YOUR TASK:
Nothing but the lines from the one containing "Этнический набор одежды" through the end of the data below should appear in the answer, each exact and free of pictures.

SOURCE MATERIAL:
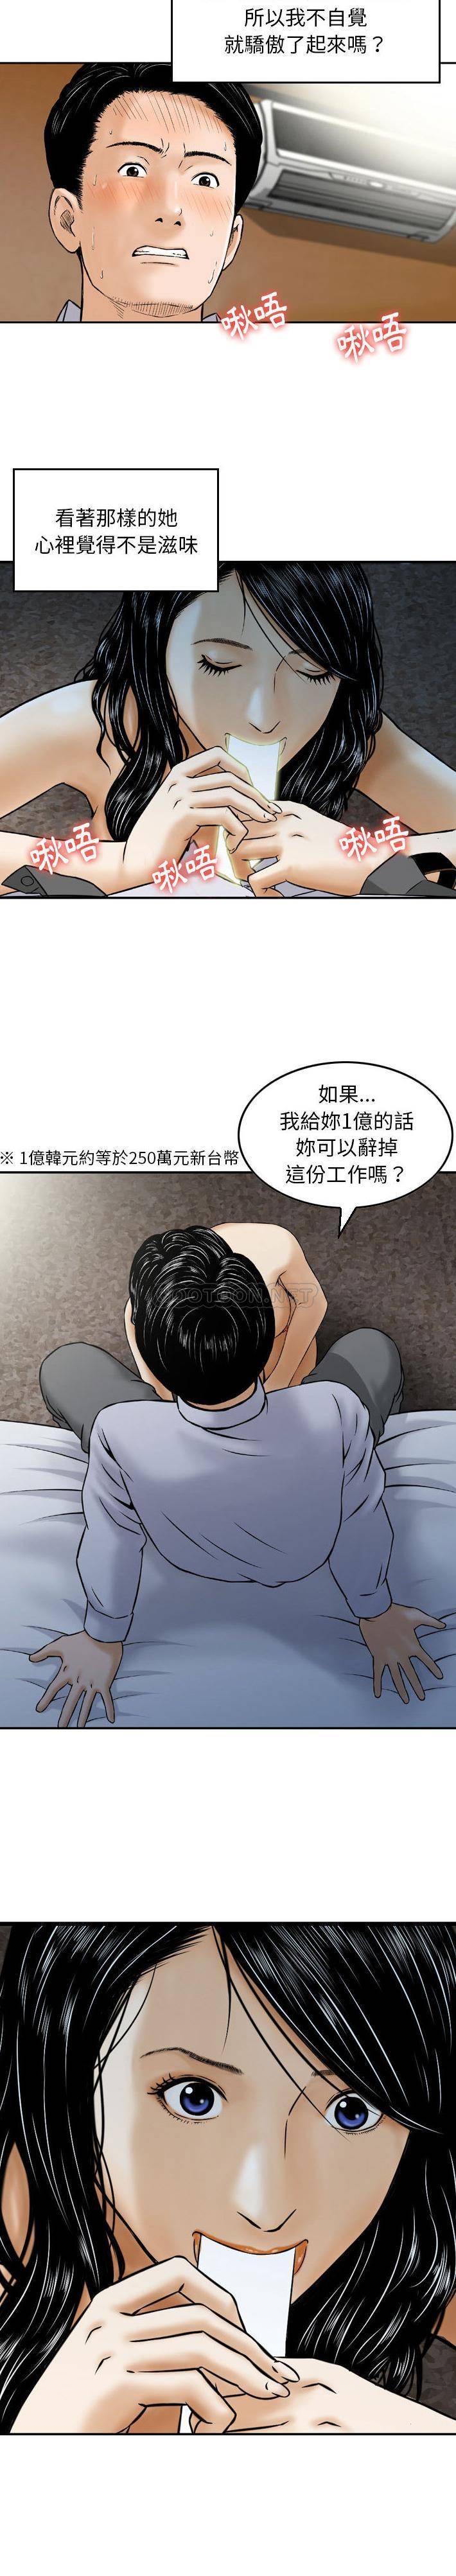 韩国污漫画 金錢的魅力 第2话 7
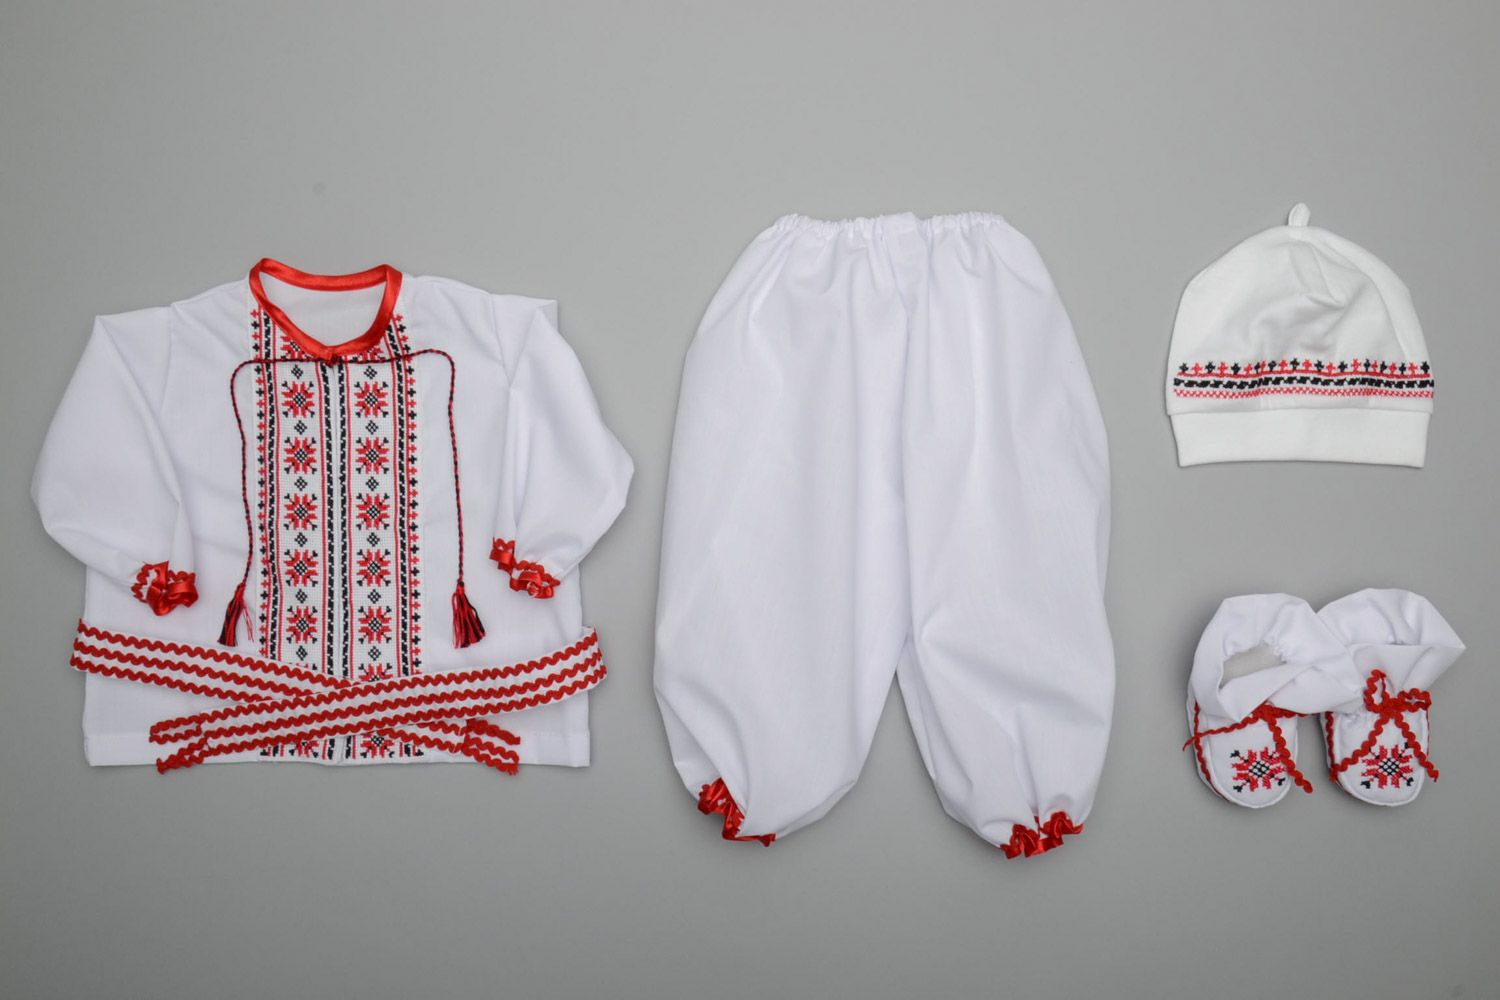 Этнический набор одежды для мальчика вышиванка штаны пояс шапочка пинетки и пояс фото 4
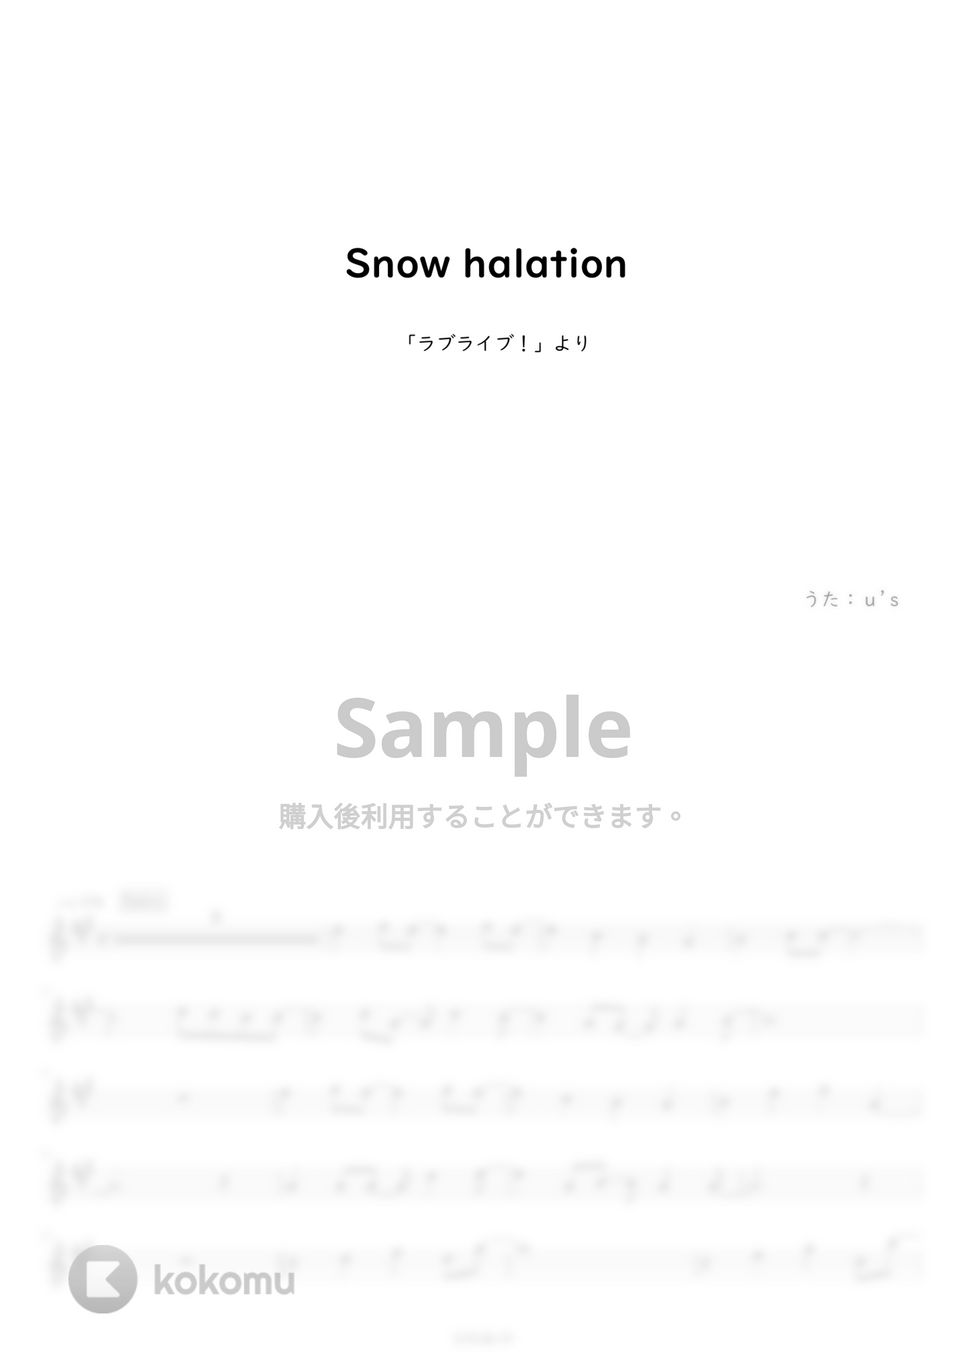 「ラブライブ！」より - Snow halation (フルート用メロディー譜) by もりたあいか

OUTPUT OF THE EXERCISE:
 Этнический набор одежды для мальчика вышиванка штаны пояс шапочка пинетки и пояс фото 4
 「ラブライブ！」より - Snow halation (フルート用メロディー譜) by もりたあいか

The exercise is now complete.